March's powerboat Festival of Speed event in Lake Wakatipu's Frankton Arm could be "petrol-head heaven" for motorsport enthusiasts from all over the southern region, the New Zealand Powerboat Federation reckons.
Competition secretary Denise Moughan, who was in Queenstown yesterday sorting behind the scenes details for the massive gathering of powerboats, said the course, just off the Kelvin Heights Peninsula at Kelvin Grove, offered spectators vantage points unheard of in other locations.
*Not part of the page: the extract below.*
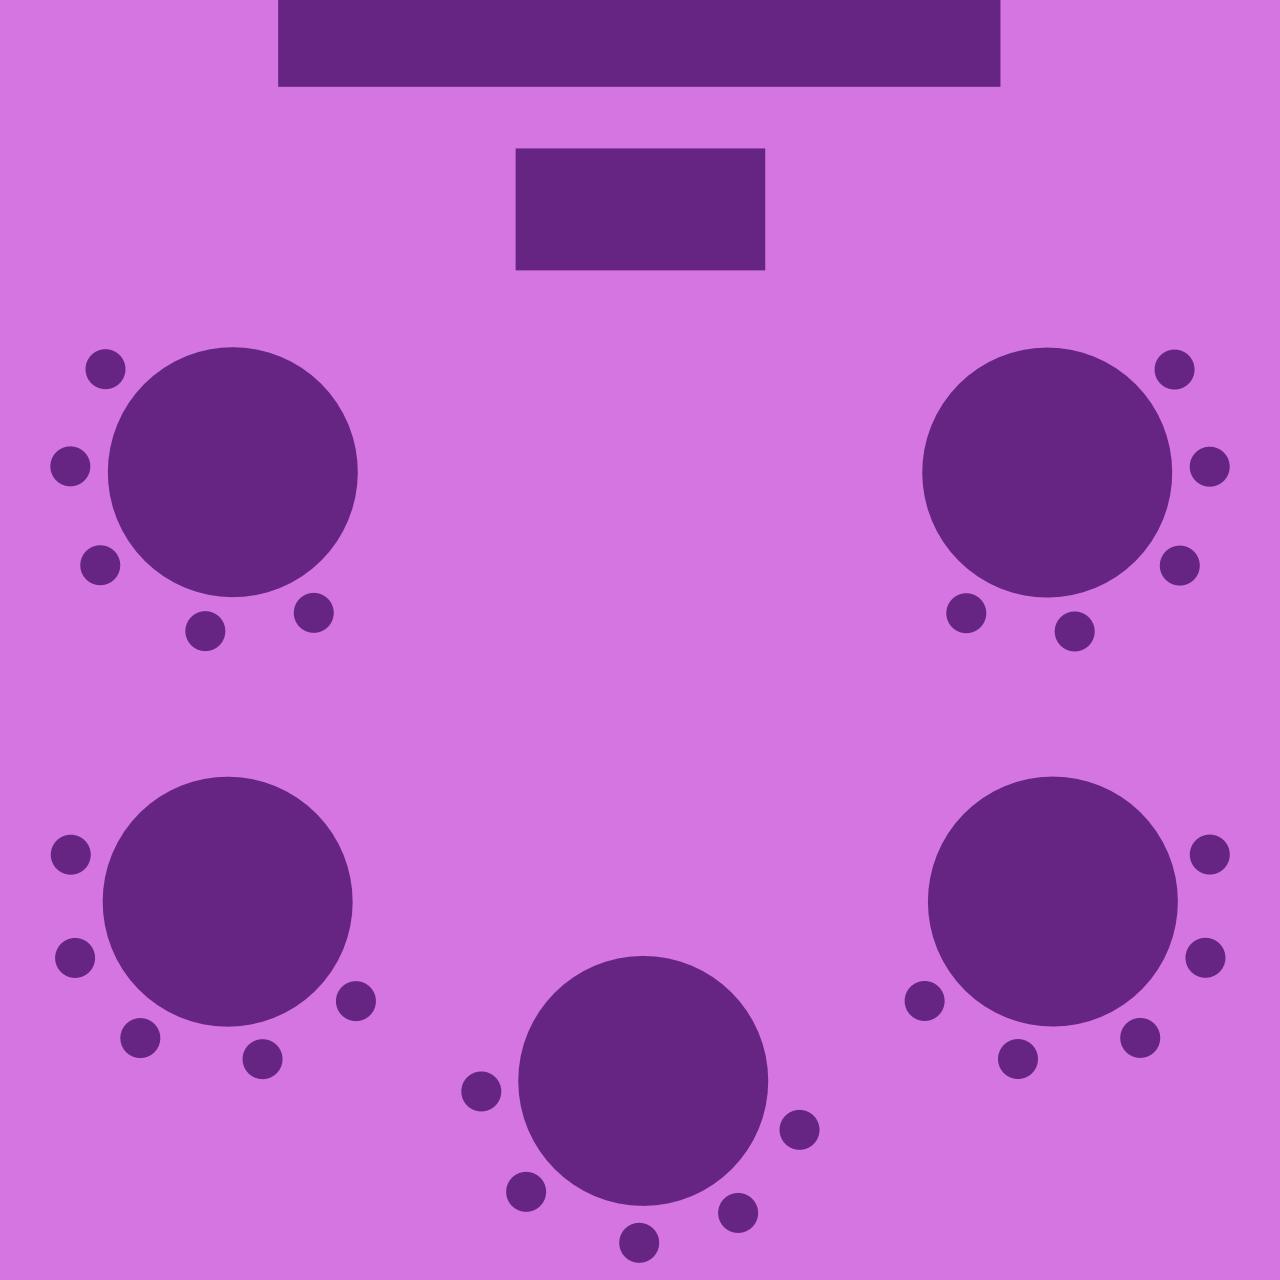 slice6.png
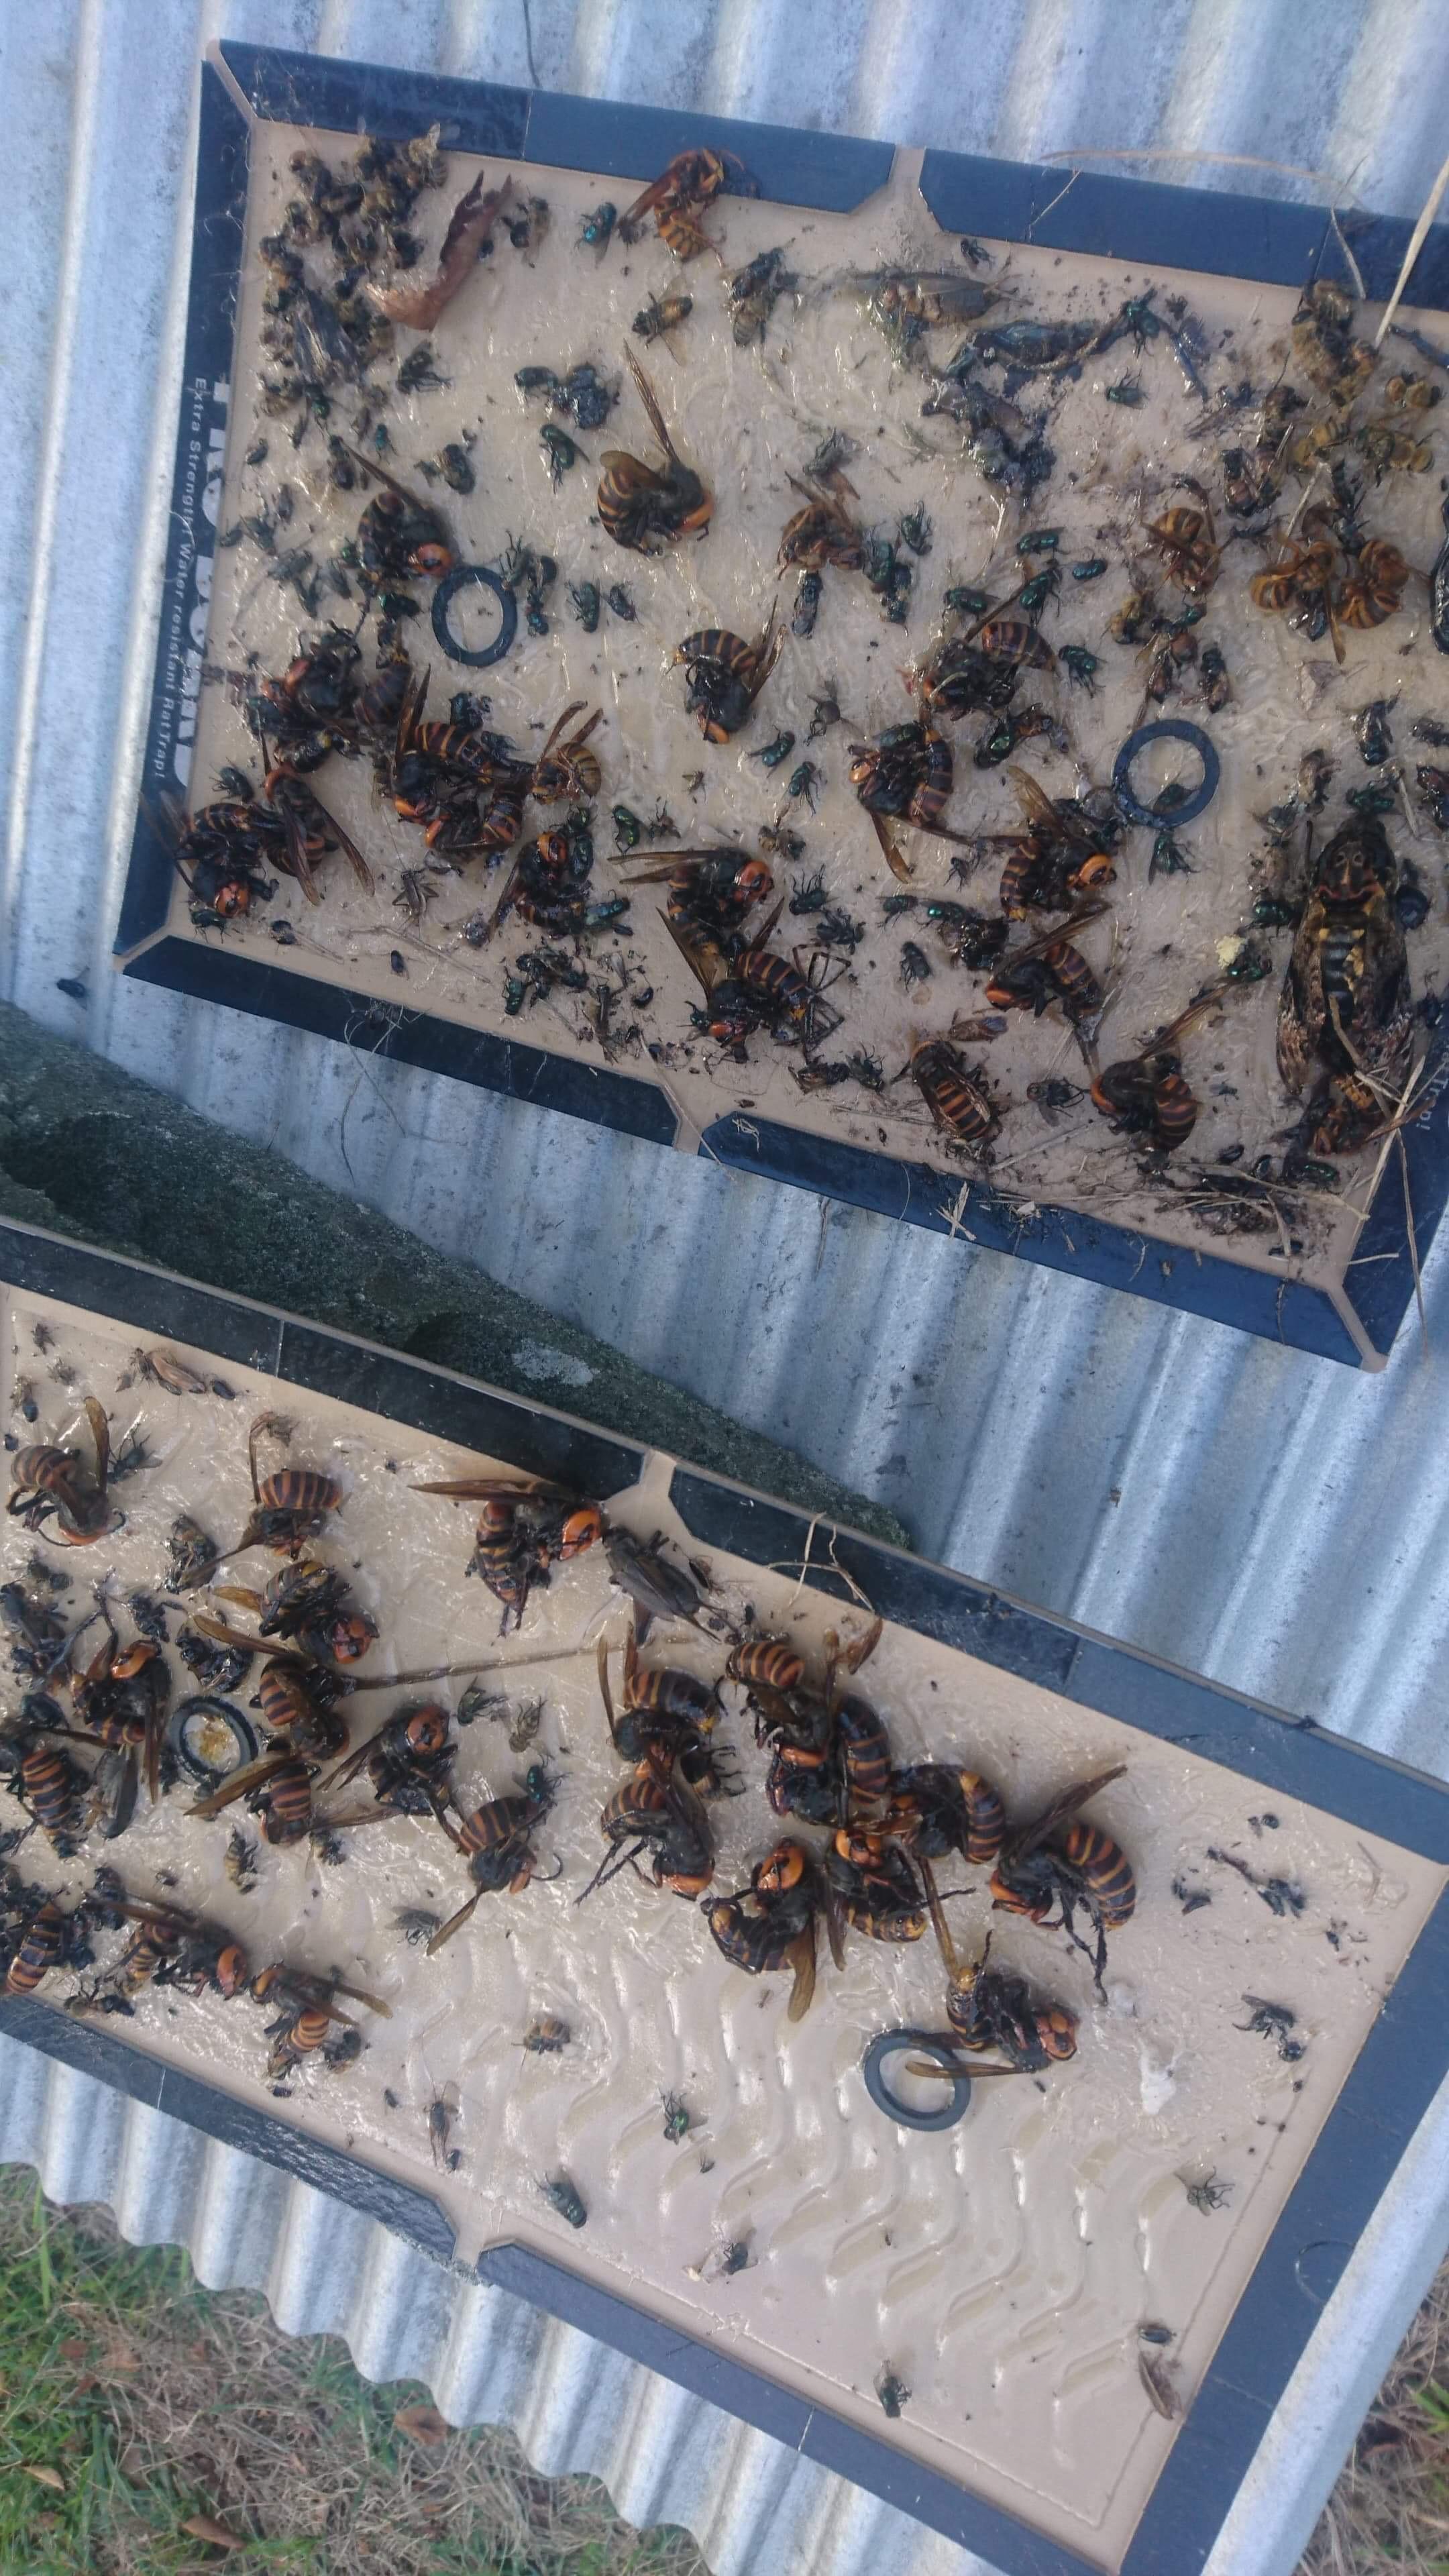 スズメバチ退治の日々

"Having the powerboat track in the Frankton Arm, which is surrounded by vantage points from so many angles is going to be amazing," she said. "People will be able to watch from the Kelvin Heights walking track, but also from Frankton and spots on Queenstown Hill, so we're really excited and hope that people from all over the southern region will get to Queenstown to enjoy watching the fastest boats on water you'll see anywhere."
The televised event will be free to attend even for those watching from close by, and promises spectators the chance to witness all the risks involved in any high horse-power event.
"Part of the joy of any motorsport is the thrills and the spills, and there's always the chance of spectacular crashes happening," Moughan said.
However high the risk of a crash, the harm that could come to powerboat drivers had been seriously mitigated, through the use of safety cells that break away from disintegrating boats, in which drivers are piped oxygen through breathing apparatus.
Safety divers, who could be dropped at a crash scene within seconds of a mishap would also be on hand, and no drivers had been seriously injured at any of the events, Moughan said.
If the March 23 and 24 event went well, Queenstown could be considered to host a world championship event in 2014.
"We'd love a round to be held here, because its such a high-profile location, and one of the main points is that even though Queenstown is relatively small, you have an international airport, and that's very important for not only getting drivers and their teams here, but also media and spectators from all over the world," Moughan said.
Commercial jetboats and cruising craft would not be restricted from normal operations, and spectator craft would be allowed within 100 meters of the course.
The powerboat pit area would be opened up to the public at certain times, for those wanting a closer look at the boats, Moughan said.